- Film poster
- Directed by: Jiří Vejdělek
- Written by: Jiří Vejdělek
- Produced by: Tomáš Hoffman Jiří Vejdělek
- Starring: Jiří Macháček; Bolek Polívka; Petra Hřebíčková;
- Cinematography: Martin Šácha
- Edited by: Ondřej Hokr
- Distributed by: Falcon
- Release date: 25 August 2011;
- Running time: 115 minutes
- Country: Czech Republic
- Language: Czech
- Budget: 20,000,000 CZK
- Box office: 95,387,066 CZK

= Men in Hope =

2011 Czech film

Men in Hope (Muži v naději) is a 2011 Czech romantic sex comedy film written and directed by Jiří Vejdělek.

==Plot==
Ondřej (Jiří Macháček), a timid and reserved man, is in a monotonous marriage with Alice (Petra Hřebíčková).

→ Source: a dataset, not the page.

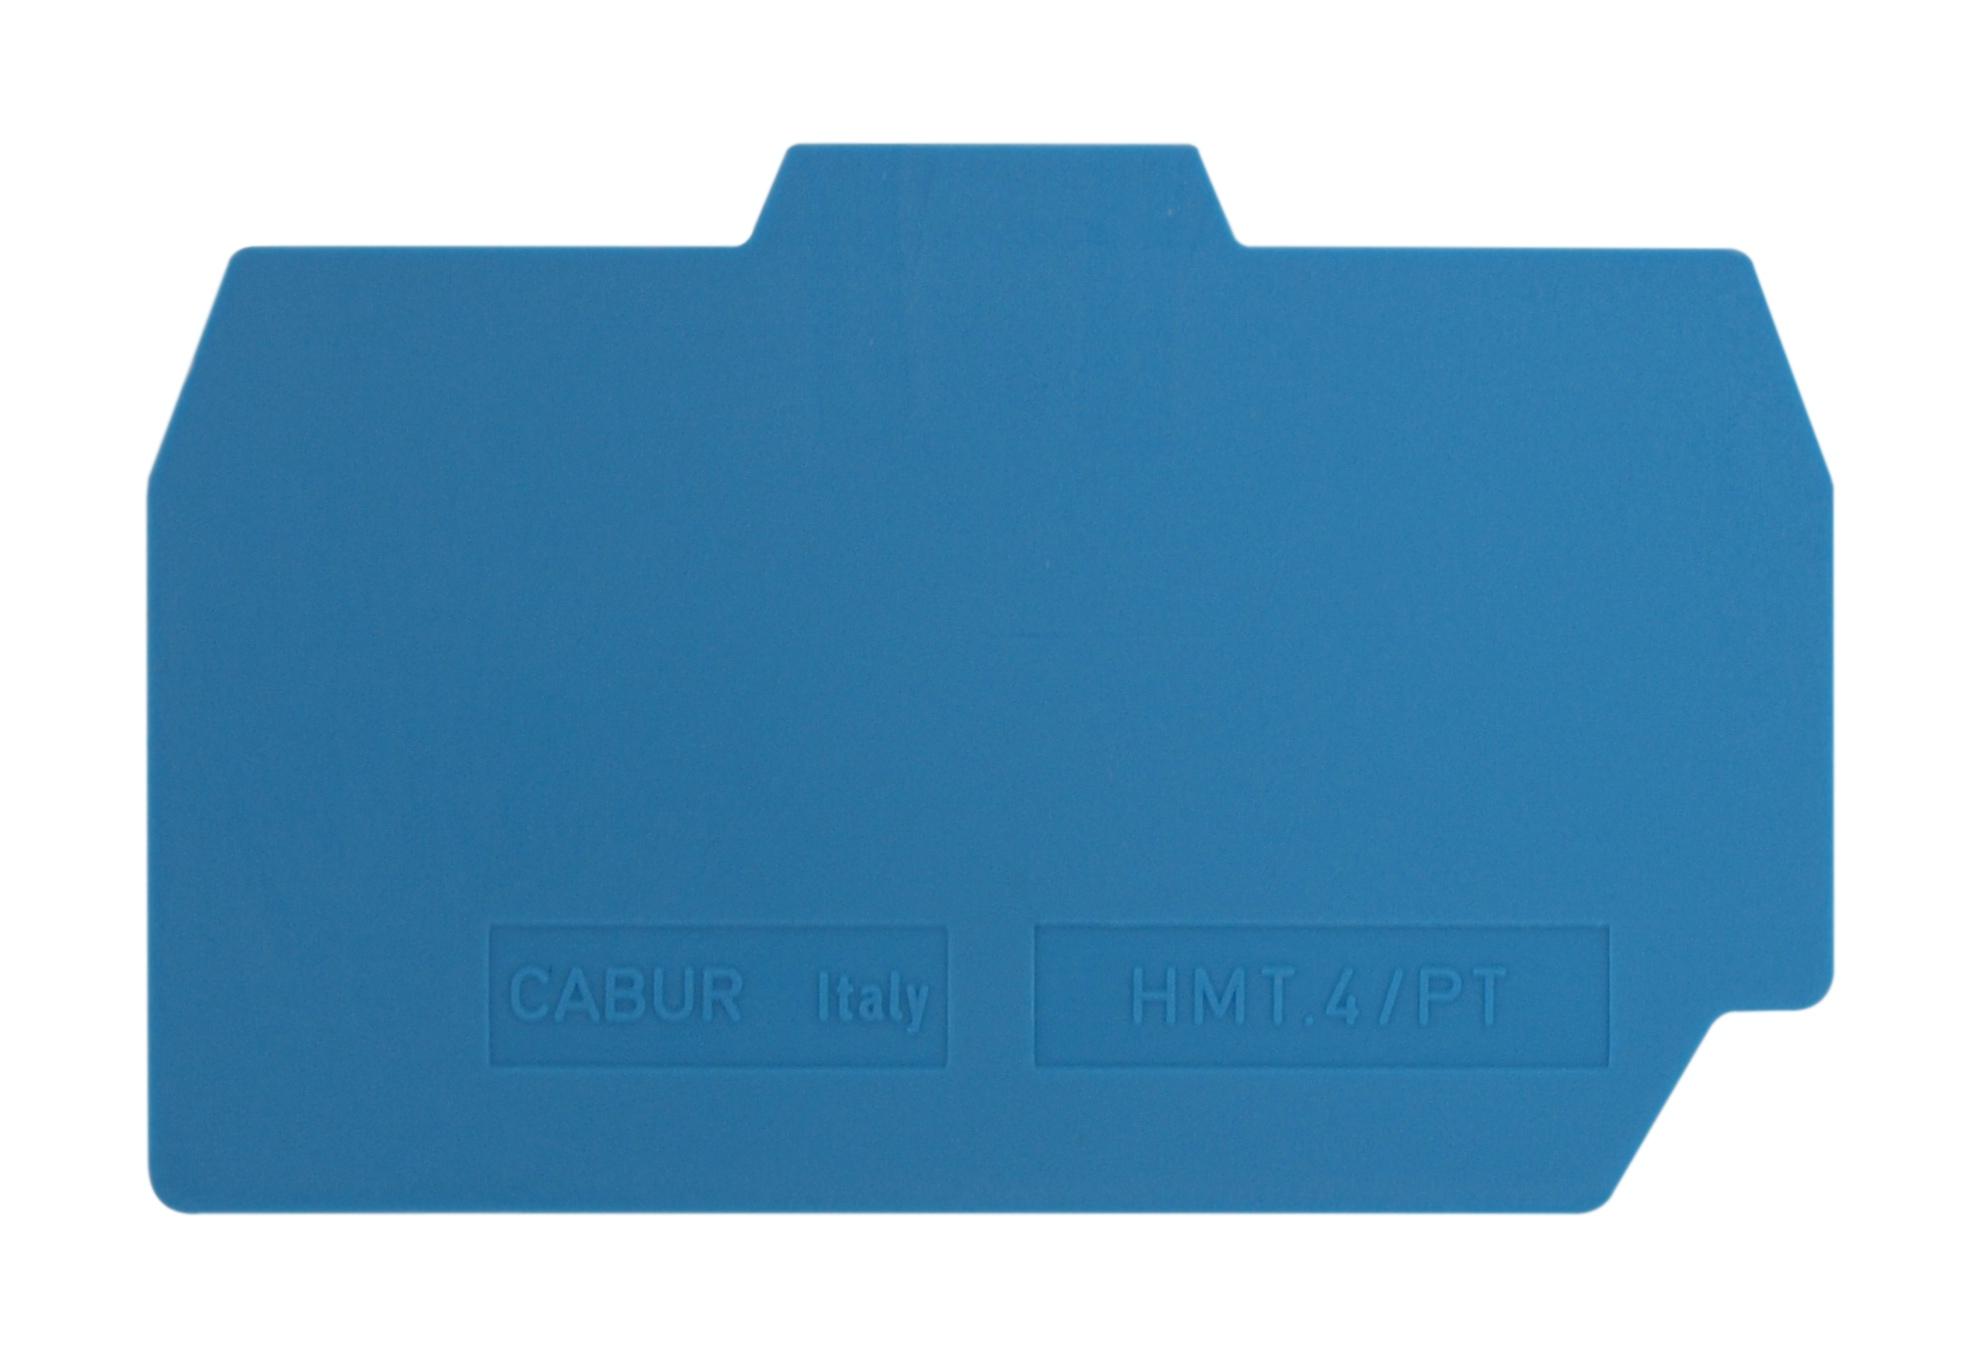 1 Stk Endplatte für Federkraftklemme HMM 4mm², blau IK201204--

On the contrary, his promiscuous father-in-law Rudolf (Bolek Polívka) who lives next door has a happy marriage of 35 years with Marta (Simona Stašová). As Ondřej's marriage gets increasingly boring, Rudolf encourages Ondřej to imitate him to save his marriage. Ondřej rejects it but he changes his mind after he meets Šarlota (Vica Kerekes), a new date of Rudolf in a billiard room.

==Cast==
- Jiří Macháček as Ondřej
- Bolek Polívka as Rudolf
- Petra Hřebíčková as Alice
- Vica Kerekes as Šarlota
- Simona Stašová as Marta
- Lukáš Langmajer as Louis
- Hynek Čermák as Masér
- Filip Antonio as Pavlík
- Michal Novotný as waiter in Café Max
- Jitka Čvančarová as guide
- Eliška Křenková as Irena
- Emma Smetana as Bára
- Berenika Kohoutová as young Marta
- Václav Jílek as young Rudolf

==Reception==
Kamil Fila of Czech website Aktuálně.cz stated: "It is difficult to say when the trend began in Czech cinema with the stream of sexual innuendos replacing a coherent plot, but Men in Hope represents its peak so far."